Menetapkan hukum bukan berdasarkan al-Quran dan al-Hadis, melainkan dari wakil rakyat, yang dikenal dengan jargon, “kedaulatan di tangan rakyat”, merupakan bagian dari sistem demokrasi sekular ala Barat. Dalam sistem semacam ini, syariat Islam hanya menjadi salah satu pilihan (option) yang bisa diambil dan bisa juga tidak, bergantung pada kesepakatan atau bahkan kepada pihak yang memiliki suara terbanyak. Padahal semestinya, syariat Islam menjadi kewajiban (obligation); ia merupakan satu-satunya (bukan salah satu) pilihan dalam menetapkan hukum.

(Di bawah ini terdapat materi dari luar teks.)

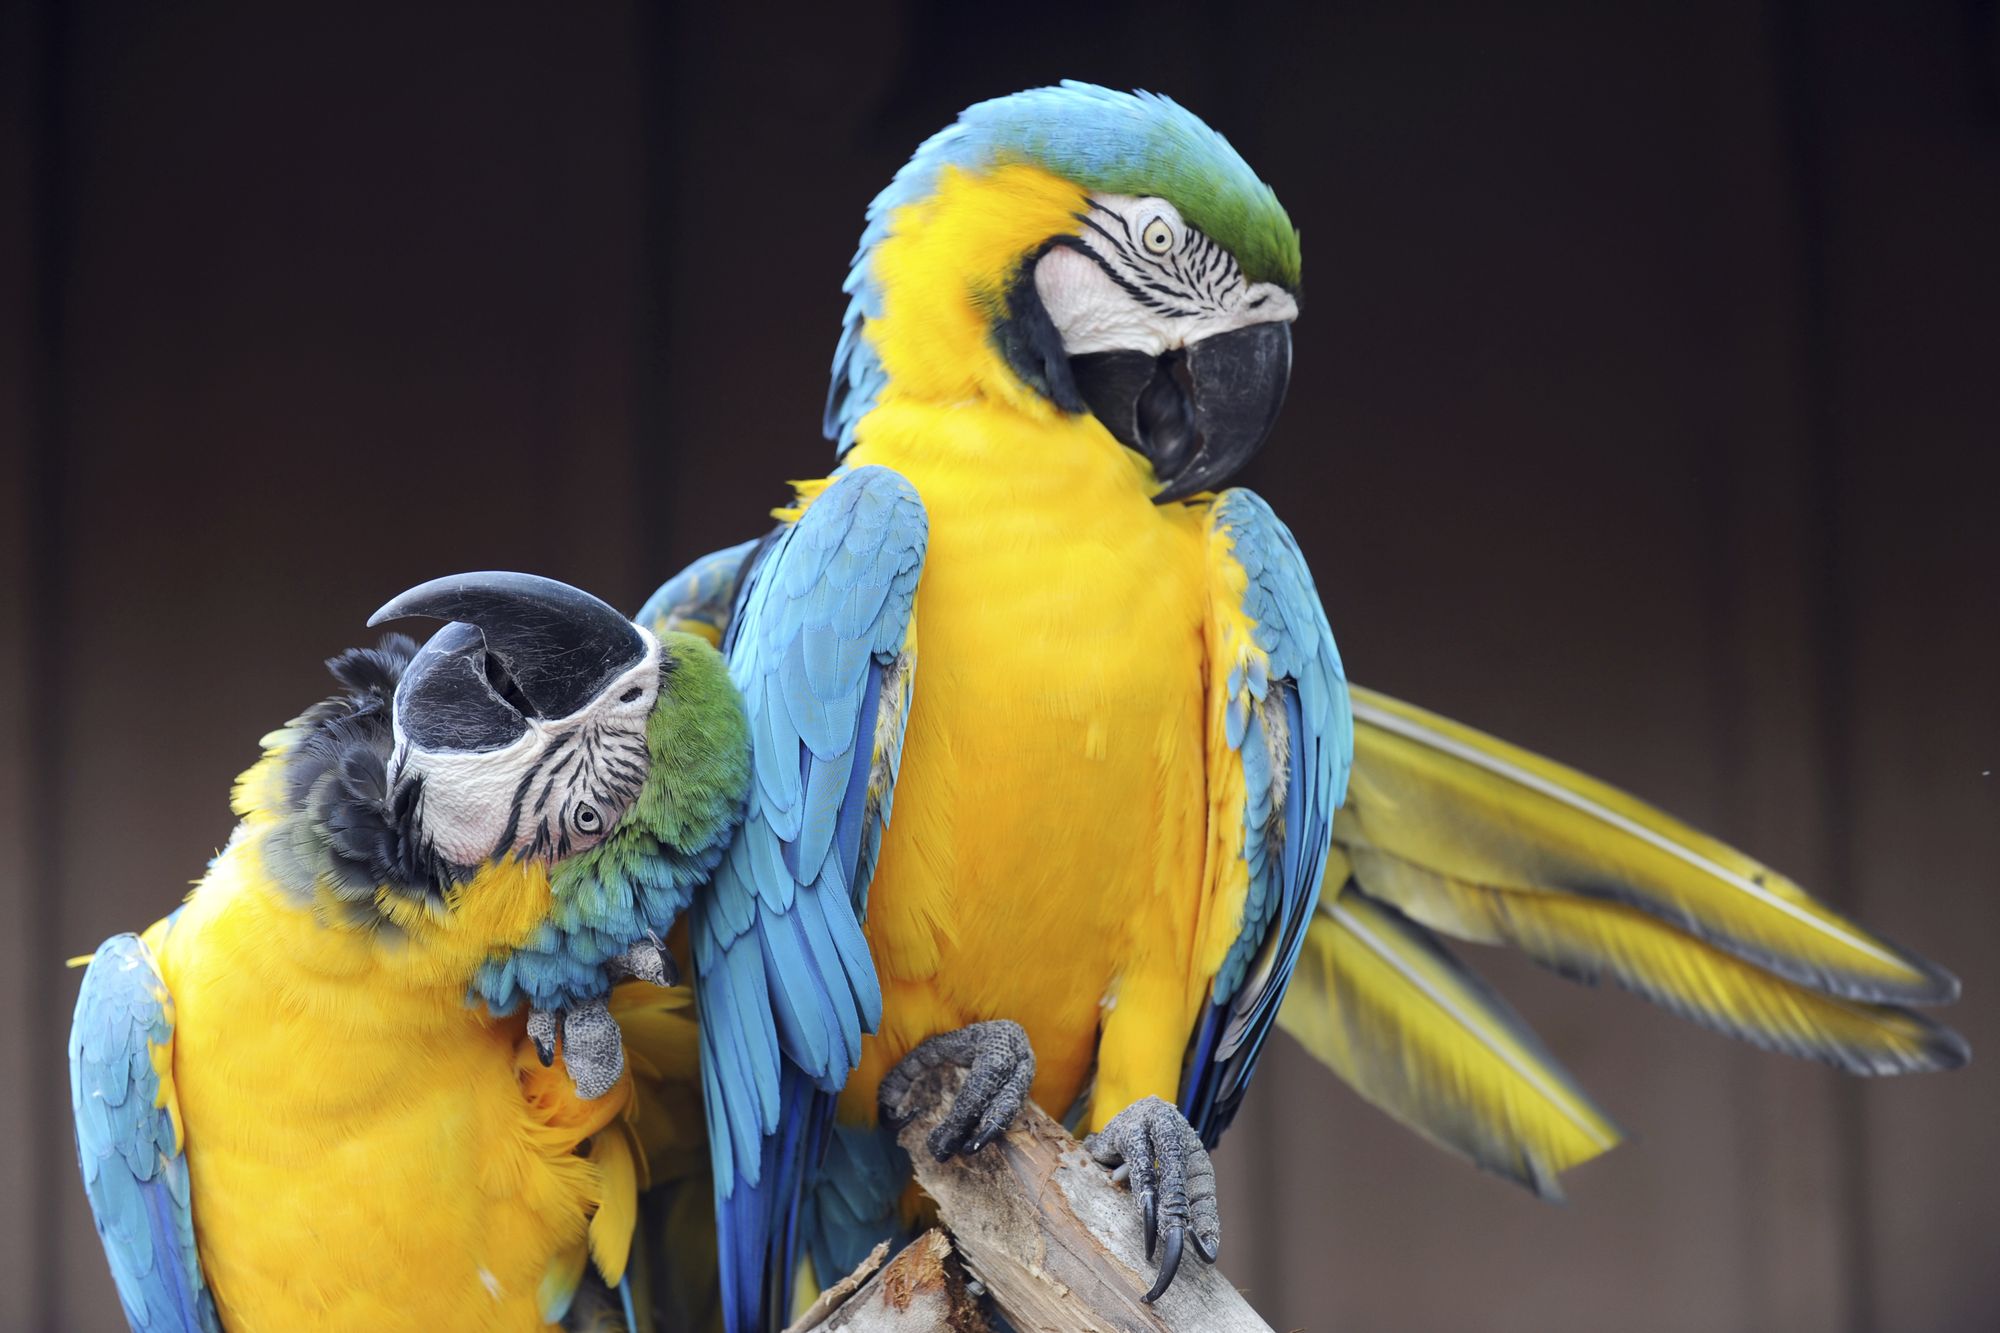 Comment se passe la reprodution chez les oiseaux ? - Blog

Karena itu, dalam sistem politik Islam, syariat sebagai hukum dengan wahyu sebagai sumbernya adalah menentukan apa yang baik dan apa yang buruk. Yang baik adalah apa yang dinyatakan baik oleh syariat dan yang buruk adalah apa yang dinyatakan buruk oleh syariat. Dalam sistem politik demokrasi sekular, (wakil) rakyat sebagai penetap hukum dianggap mampu menetapkan apa yang dianggap baik dan yang dianggap buruk. Padahal kenyataannya, banyak sekali yang disangka baik padahal buruk dan yang disangka buruk padahal baik.

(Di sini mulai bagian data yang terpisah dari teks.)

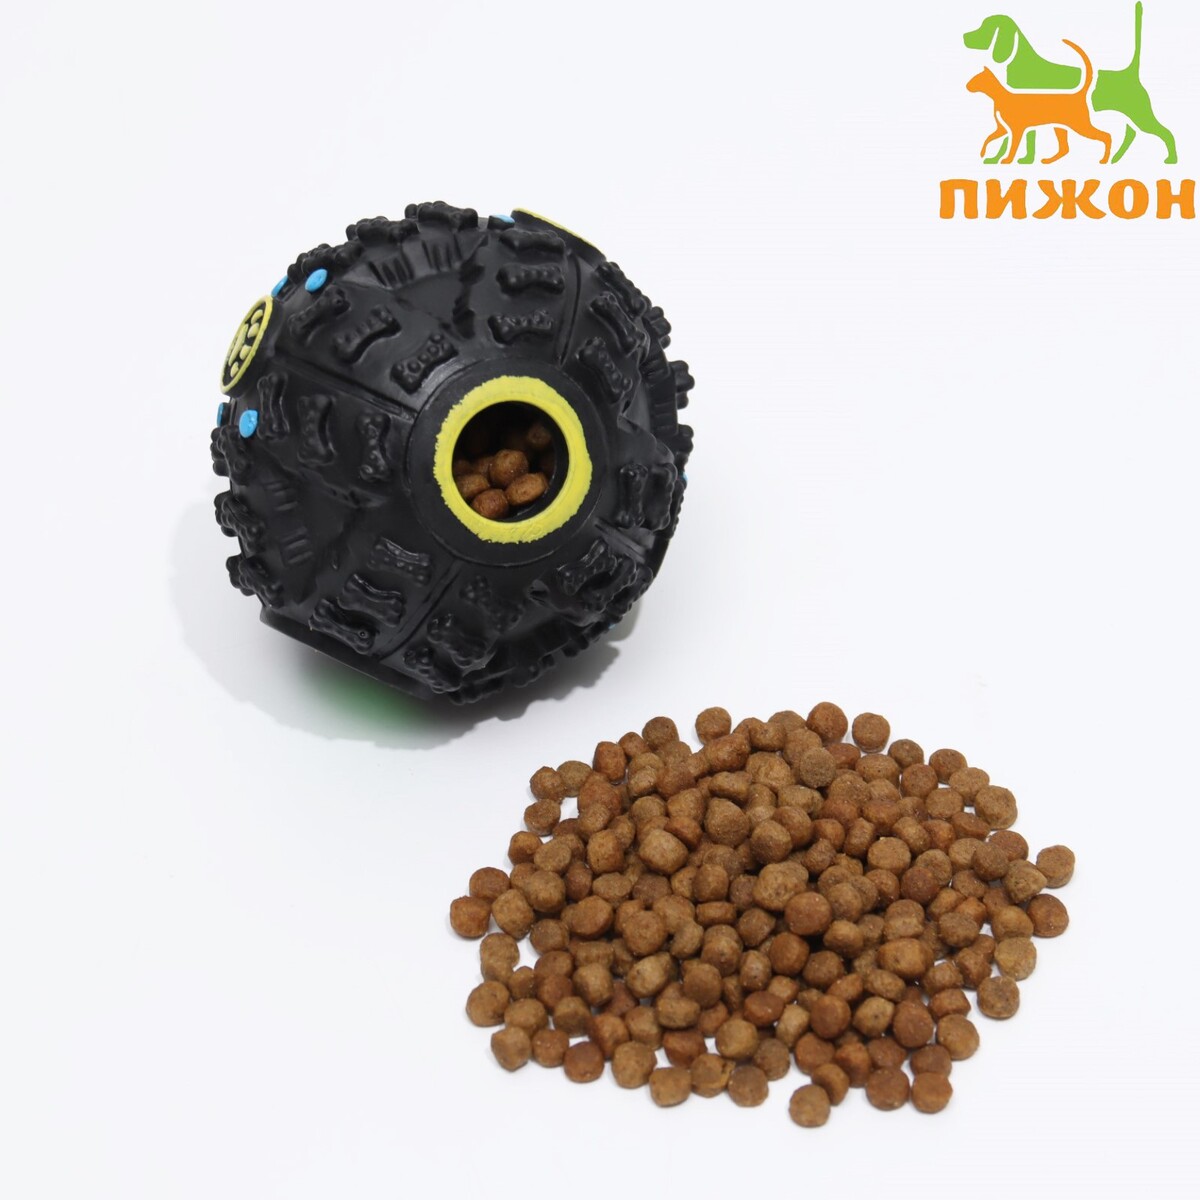 Квакающий мяч для собак, жёсткий, 7,5 см, чёрный, Пижон

Begitu juga pemberian mandat atau kepercayaan kepada pemerintahan sekular yang tidak berhukum dengan apa yang diturunkan Allah, memilih kepala negara; memberikan pengesahan terhadap berbagai kesepakatan, rancangan undang-undang, dan berbagai perjanjian, merupakan perbuatan yang termasuk kategori memberikan wasilah kepada yang haram.

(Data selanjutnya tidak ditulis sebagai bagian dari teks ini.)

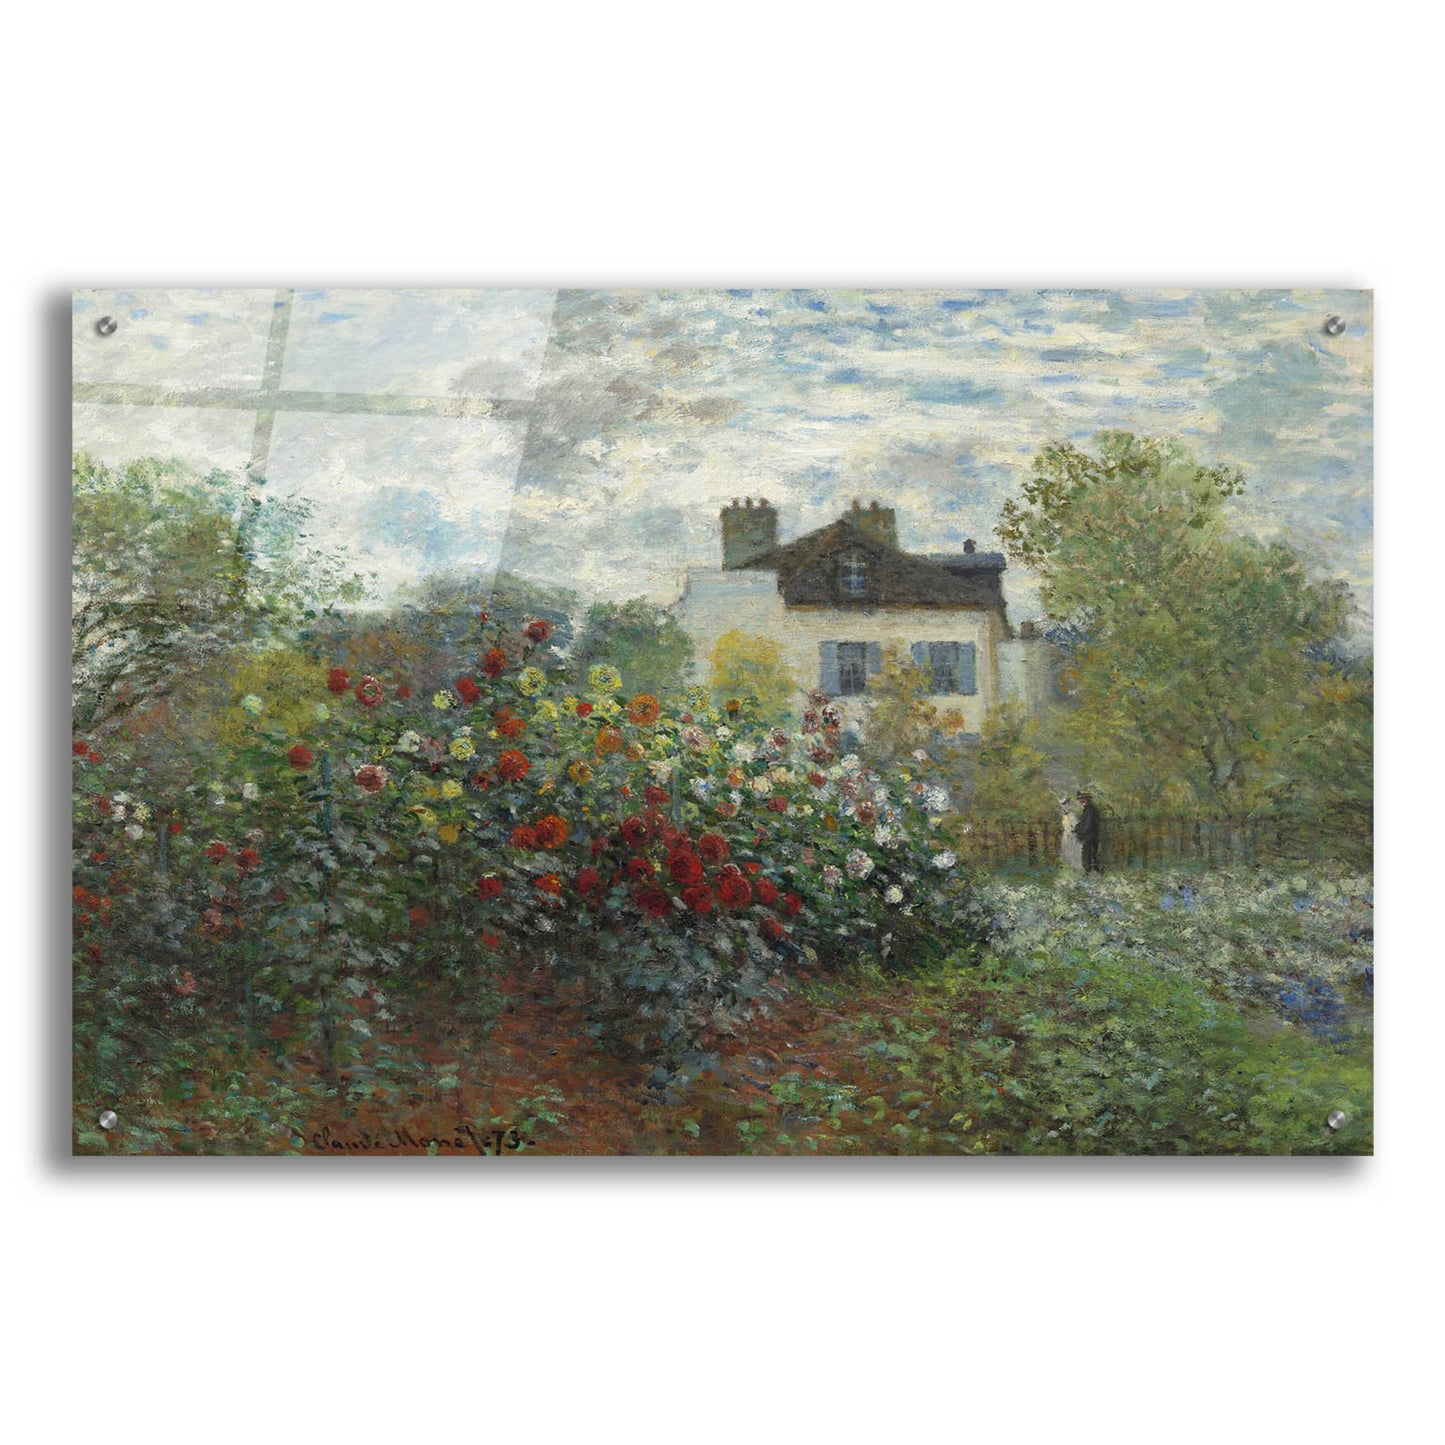 Epic Art 'The Artist’s Garden In Argenteuil' by Claude Monet, Acrylic Glass Wall Art,36x24

Berdasarkan hal tersebut, aktivitas menetapkan hukum atau undang-undang yang bukan berasal dari syariat Islam atau memilih pemimpin untuk melaksanakan hukum sekular tidaklah dibolehkan. Karena itu, akad wakalah untuk melakukan aktivitas-aktivitas tersebut juga tidak dibolehkan. Sebab, ada rukun wakalah yang tidak sah menurut syariat Islam, yakni adanya perbuatan yang melanggar syariat berupa ijab qabul untuk menerapkan sistem sekular. Allah Swt. lebih menegaskan hal ini dalam surat al-Maidah[5] ayat 44, 45 dan 47.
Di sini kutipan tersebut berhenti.